Common path name functions

The operations listed in this section manipulate paths, that is manipulates the string that *represent* files (not the files themselves).

p.extension() // was extension( path ) -> string //returns the extension of a file path (useful for guessing the file type), includes the 'dot'.
p.stem() // was basename( path ) -> string  //returns everything in the filename except for the extension
p.filename() // name of file without path

note that p.string() == p.stem() + p.extension().
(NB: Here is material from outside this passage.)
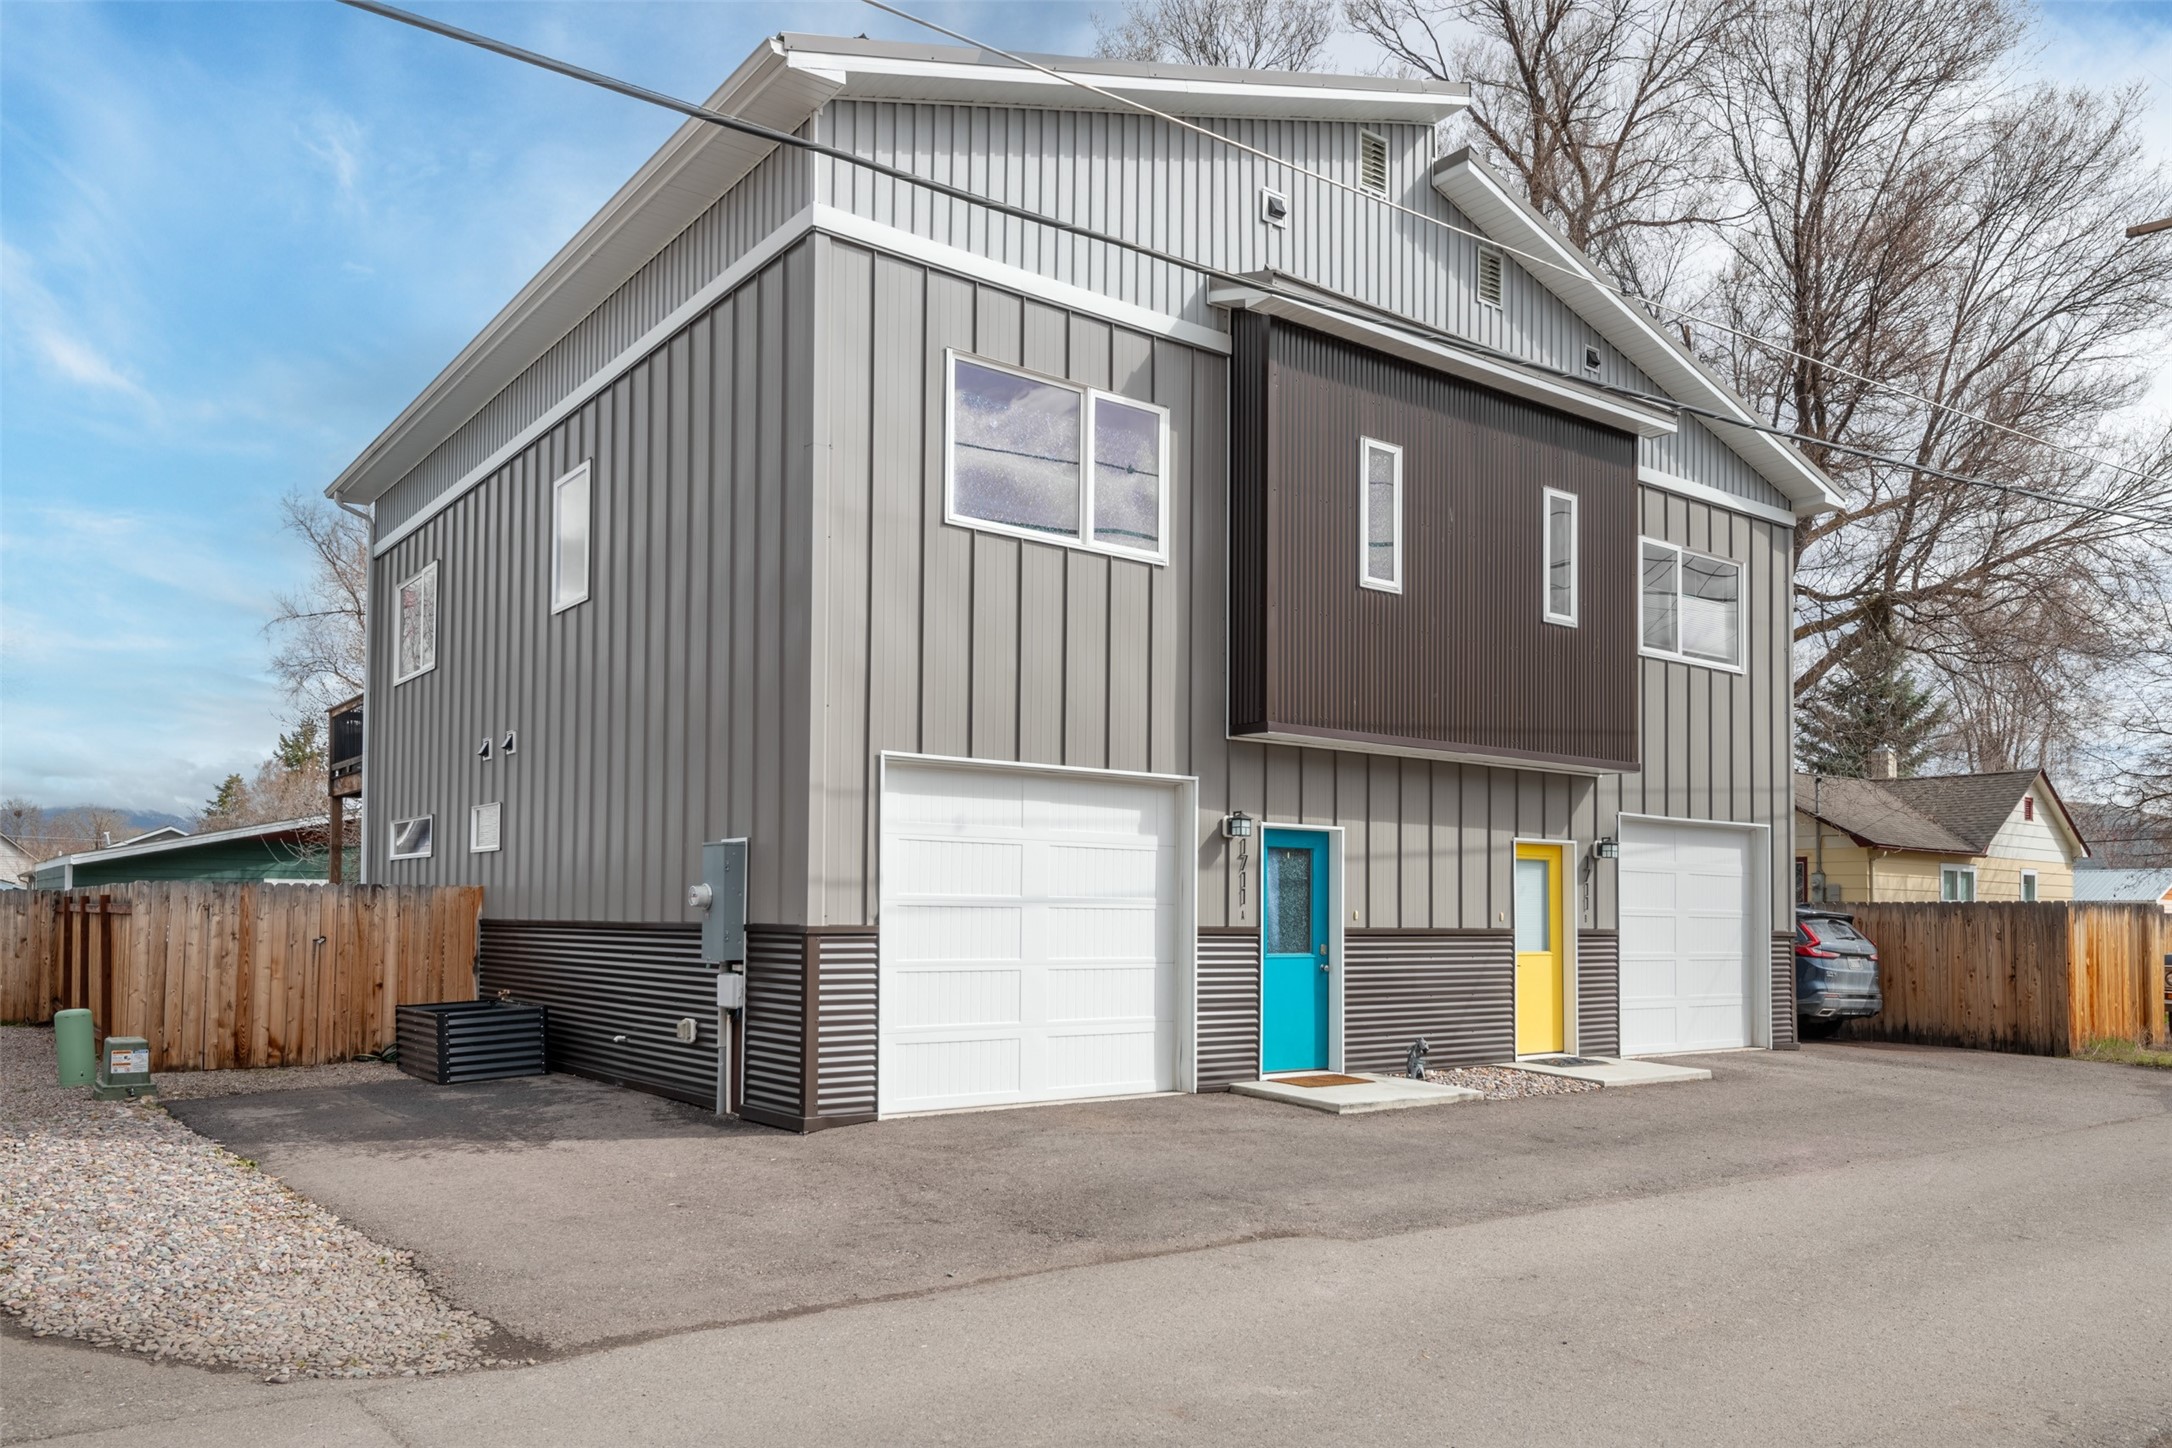 NOW OFFERING $5000 BUYER CLOSING COST CREDIT IF UNDER CONTRACT BY 5/15! This 2018-built alley townhouse boasts 3 bedrooms, 2 full bathrooms, an upper level deck, and a small fenced yard, offering the perfect blend of comfort and ease. Features include lofty 10-ft ceilings, a large main-level primary suite, plus 2 bedrooms and a full bathroom upstairs. The open-concept kitchen boasts quartz counters, tile backsplash, stainless steel appliances, and mountain views. Enjoy sunny days grilling & relaxing on your 2nd floor balcony & make use of the small fenced yard for pets or gardening. With light covenants, no HOA dues, short-term rentals permitted, all electric appliances, mini split-based HVAC, and low-maintenance metal roof/siding, this home offers hassle-free living. The deep 1-car garage provides room for your car and all your gear. Located in the vibrant Franklin to the Fort neighborhood, with easy access to public transportation, the Milwaukee trail, downtown, and entertainment. This duplex townhome was designed by architect NC Design Studio and completed in 2018. The primary suite is large enough for a sitting area in addition to a king sized bed, and is situated to the rear of the main level, with backyard access. A laundry area with a stacked washer and dryer is tucked under the stairs on the main level. The second level living/dining/kitchen area is above the surrounding rooftops, among the greenery of the trees, giving owners privacy and views of the surrounding mountains. The one shared wall is well-insulated, as well as being along the stairway wall, and the current owners and neighbors report little to no noise transfer.
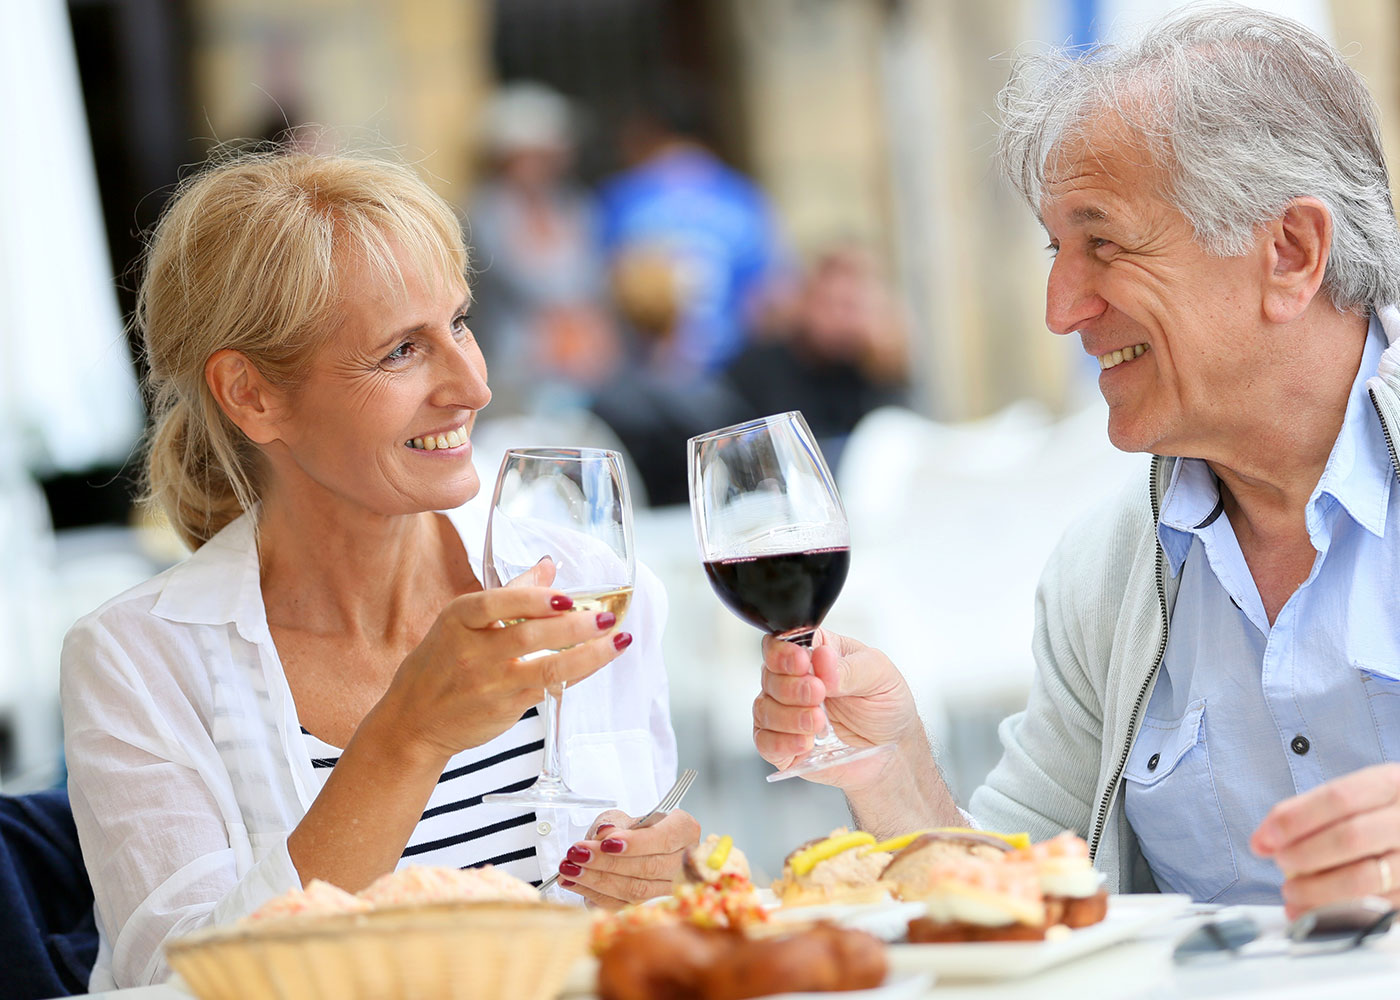 Older man and woman clinking wine glasses, eating, smiling at each other-Dining at HarborChase

p.replace_extension(".newext"); //(was change_extension(const path, string new_extension_w_dot) -> path) // changes the extension of a path name and returns the path

Note that these functions return strings, not paths. Strings can be manipulated as such, and eventually transformed to paths. With the path constructor:

path newp(string);

Also to interface with old routines that take C-strings we could use

p.string().c_str();

the first function produces an std::string with the path the second call productes a C-string (char*).

Common file actions

The operations listed in this section make actual changes on the file in the disk. Most frequently file actions are straight forward once we remember the particular names given, here it is a list of functions with obvious side effects:

create_directory( path );
remove( file );
create_symlink( realfile, linkname );

Some actions could raise exceptions upon errors, if not catch they can abort the program. For example create_symlink raises an exception if the link already exists (but doesn't raise an exception if the destination file does exist).

Directory Iterator

So far, the features described are simply path name manipulations and file actions. On top of that the library gives the opportunity to scan files in a certain directory as if the directory were a typical STL container. The following code shows how to read several files with a given filename in different directories:

using namespace boost::filesystem; // ::directory_iterator ::path, etc
for(directory_iterator it("../datadir"); it == directory_iterator() /*end iterator*/; ++it){
  if(not is_directory(*it)) continue; //ignore if the entry is not a directory
  for(directory_iterator it2(*it); it2 == directory_iterator(); ++it2){
    remove((*it2)/"data.txt");
  }
}

This example removes the file named "data.txt" in the directory "../datadir/*/". There is also a 'recursive_directory_iterator' which avoids the complication of nesting different loops to reach a directory of arbitrary nesting.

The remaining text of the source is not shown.